Exactly as written, please repeat the data that follows, but not the pictures.
━━━ Given data ━━━
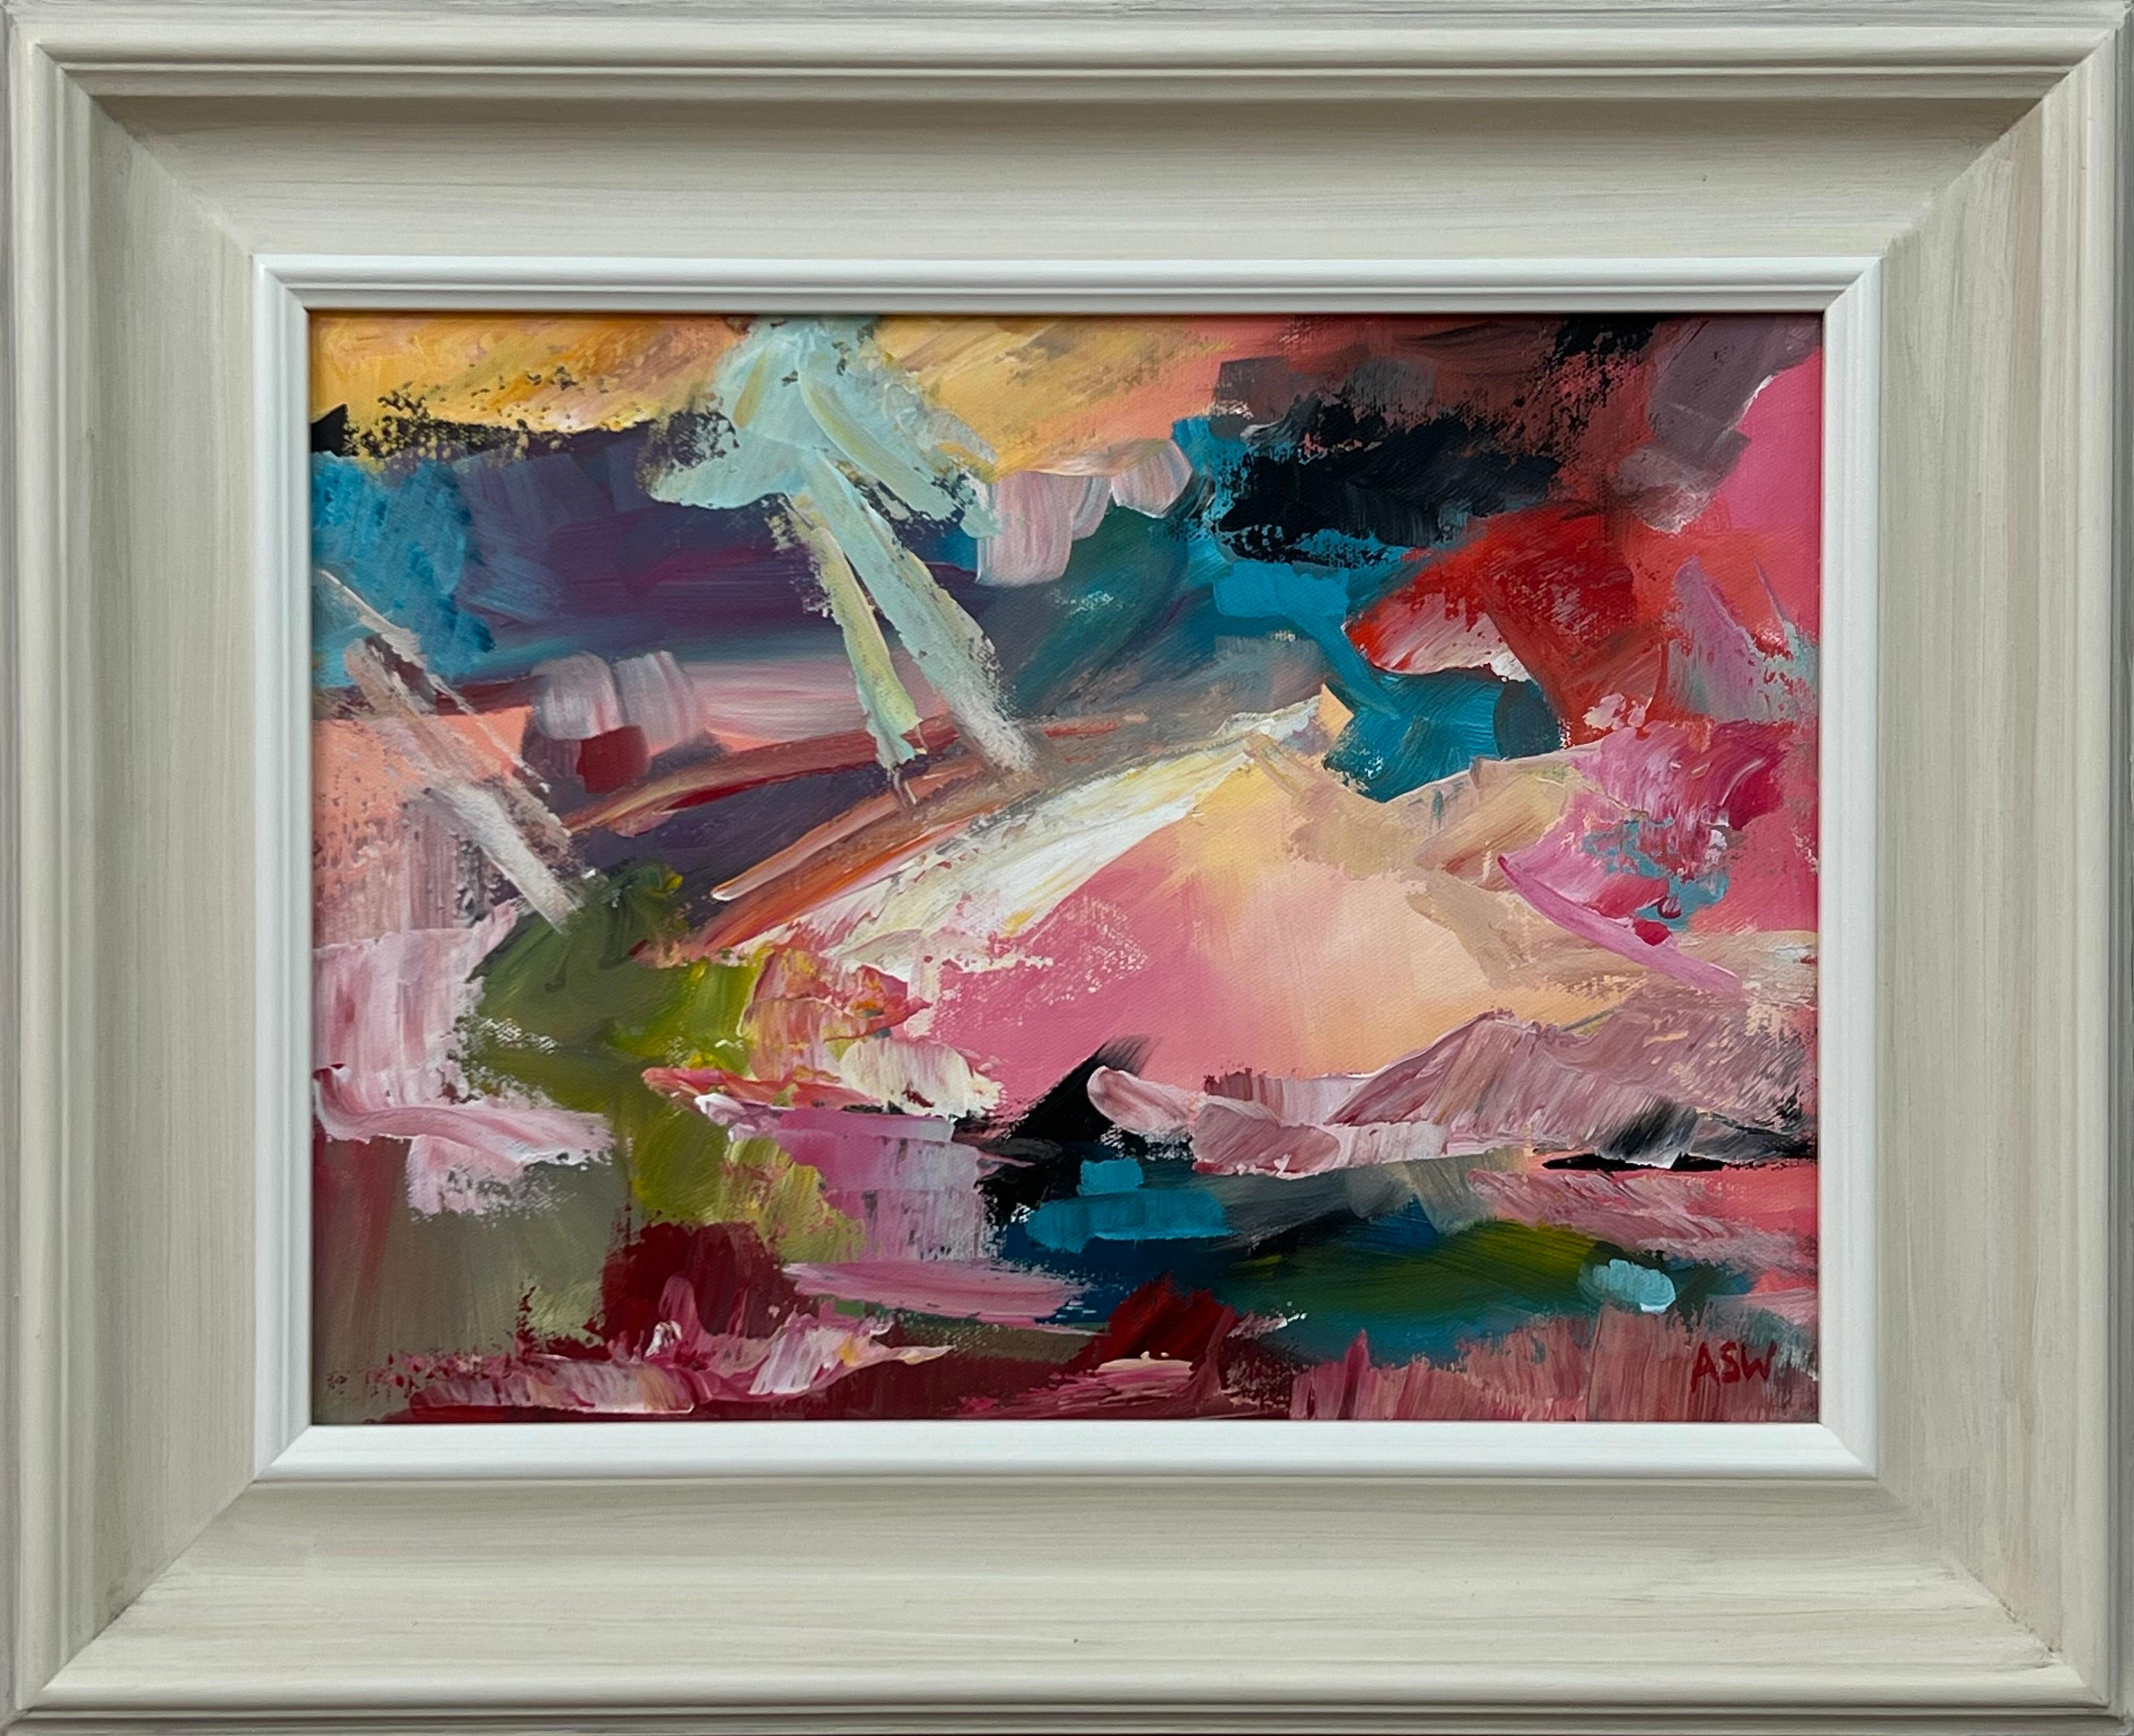 Pink & Turquoise Abstract Expressionist Painting by Contemporary British Artist
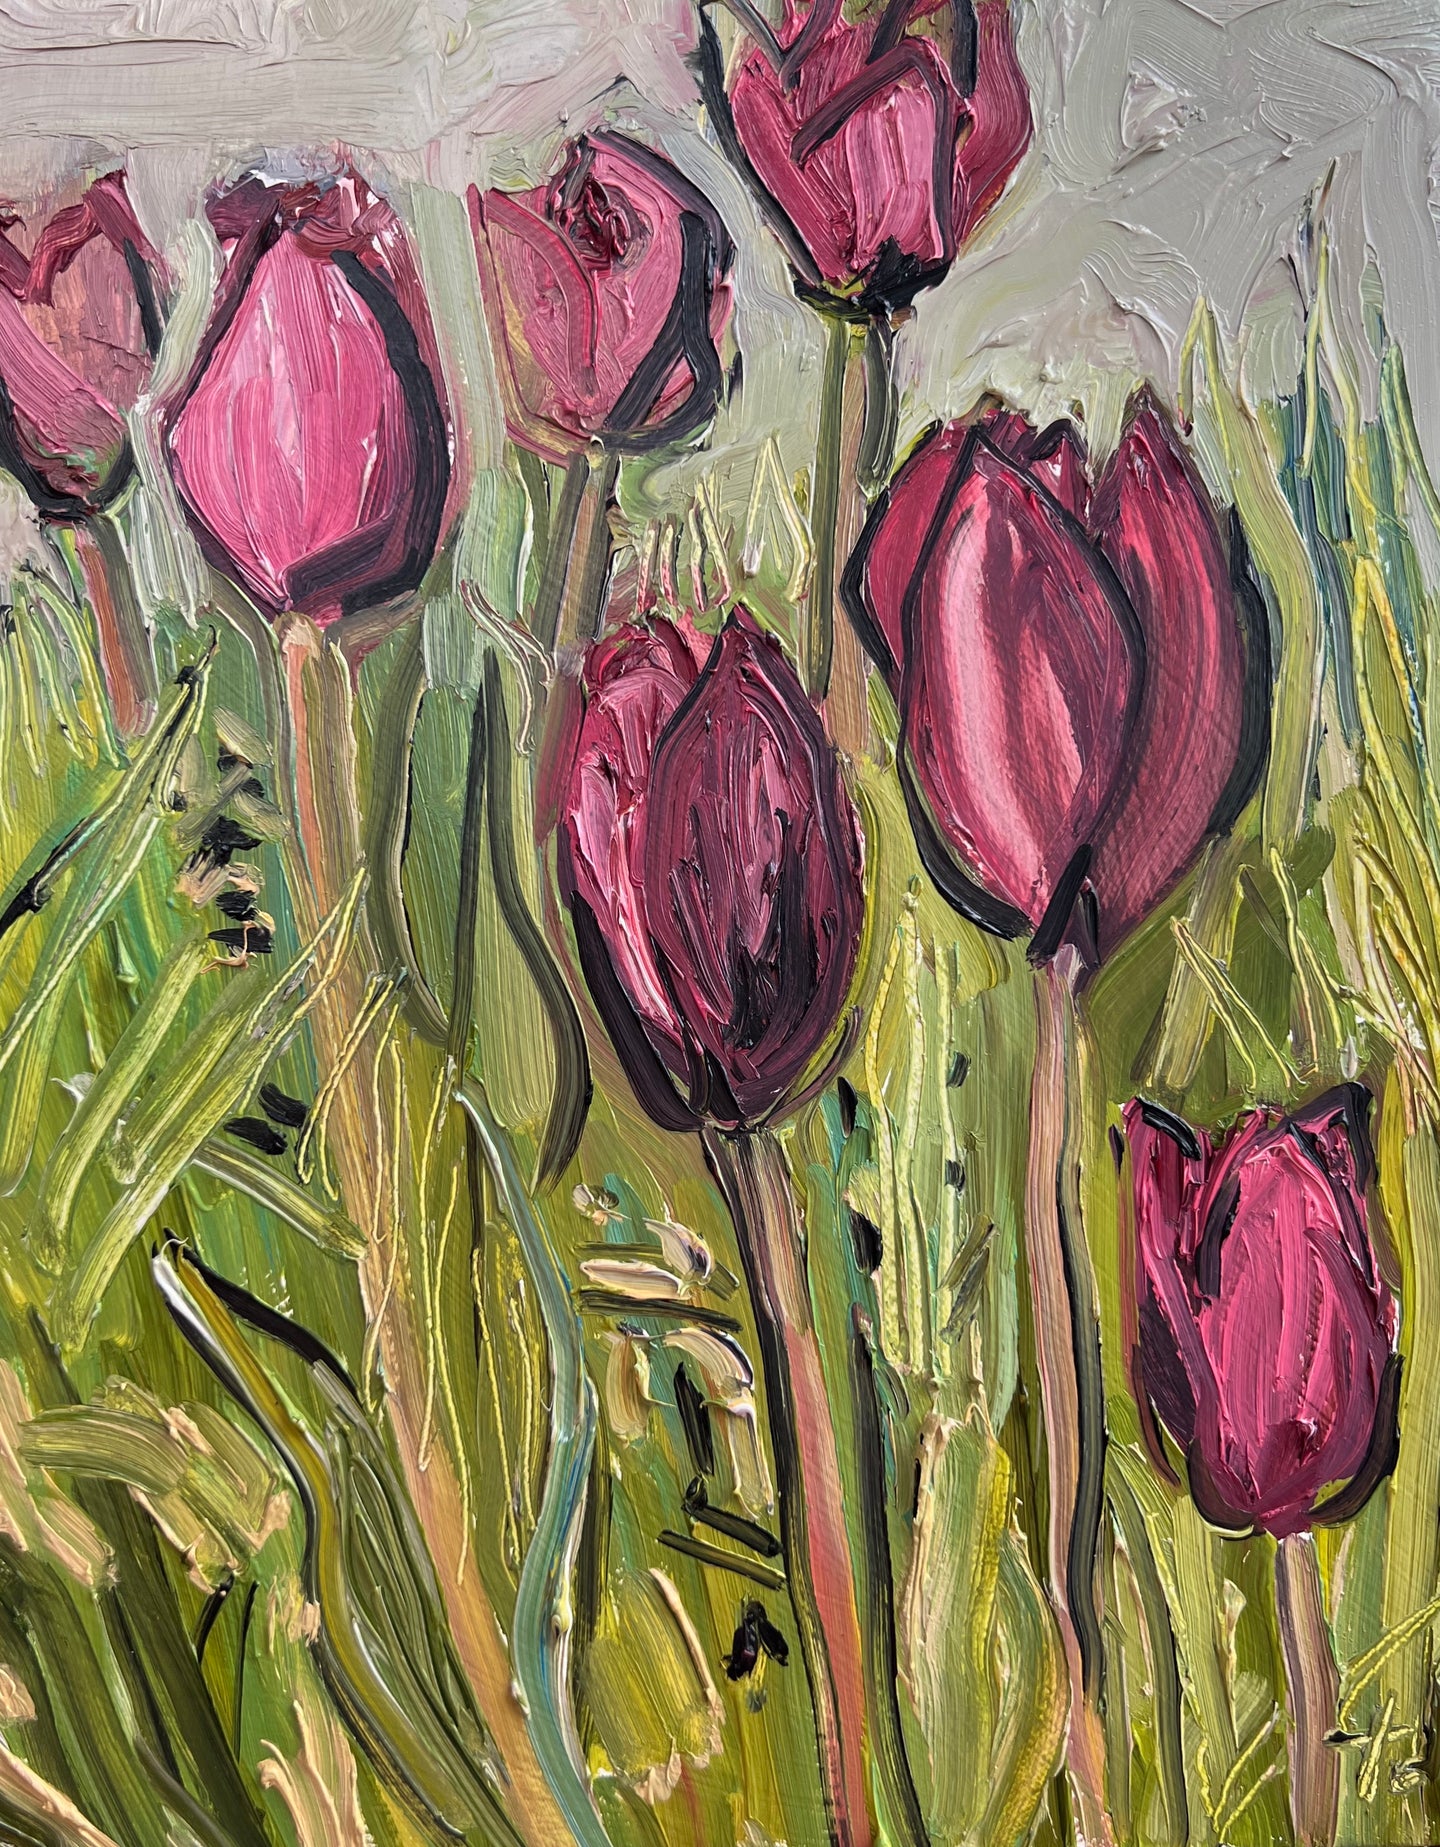 Tulips in the Grass
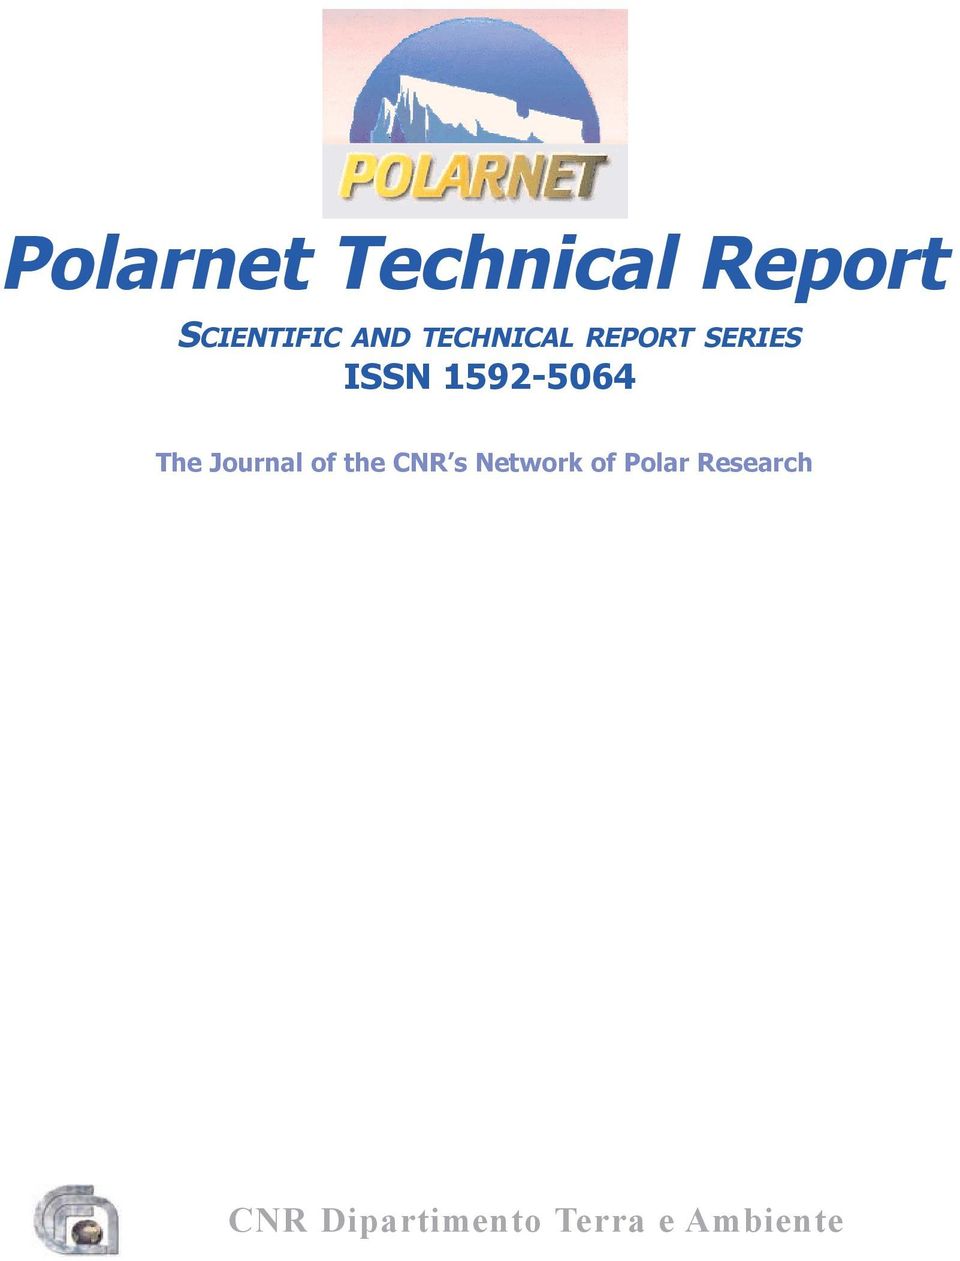 The Journal of the CNR s Network of
━━━
## Answer to the problem
 Pink & Turquoise Abstract Expressionist Painting by Contemporary British Artist
 Tulips in the Grass
 The Journal of the CNR s Network of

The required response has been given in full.